Spider-Sense is TAB's real-time threat detection layer. 29 rules organized across 3 severity levels: critical violations (immediate fail), high severity (scored reduction), and advisory flags (informational). Spider-Sense runs on every benchmark response before the LLM judge scores it, catching format violations, forbidden outputs, and policy breaches in under 50ms.

This agent security benchmark with real attack payloads is only as reliable as its pre-scoring gate. Spider-Sense ensures that no response bypasses basic policy checks before reaching the LLM judge. Critical violations short-circuit the scoring pipeline entirely, high-severity findings reduce the final score proportionally, and advisory flags are logged for audit purposes without affecting the score.

View live Spider-Sense rule violations and severity breakdowns: Spider-Sense Dashboard.

Why TAB, Not the Model Provider?

Anthropic can't independently verify Claude agents. Google can't independently verify Gemini agents. OpenAI can't grade GPT's homework.
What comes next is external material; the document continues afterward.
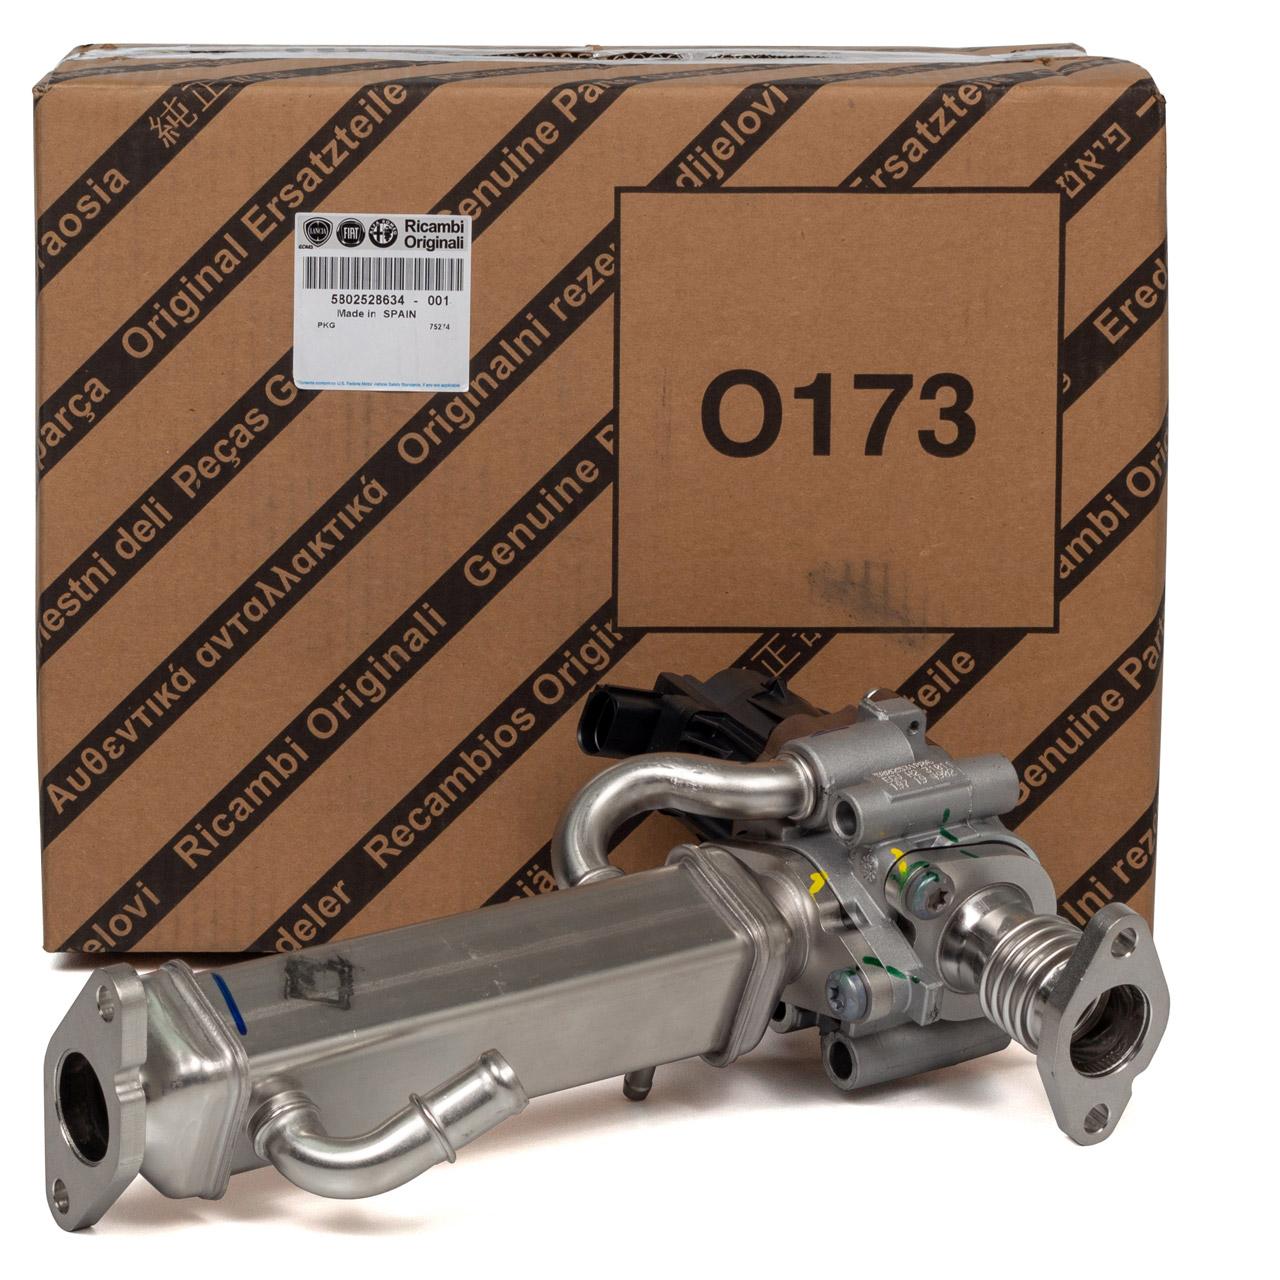 ORIGINAL Fiat AGR Ventil Abgasrückführungsventil Wärmetauscher DUCATO 5802528634

Every frontier lab is building internal verification inside their own walled gardens. TAB is the only independent cross-platform security verification layer. 88 models (48 active, 40 deprecated) across 20+ providers via 5 SDK integrations, one independent standard.

Security Scoring

Each agent receives a Security Score as part of its Trust Seal. Scores are earned through real test runs, not self-reported. Methodology is published.

Grades include D's. TAB doesn't inflate scores to make agents look better than they are. If an agent scores poorly on security, you'll know before you buy.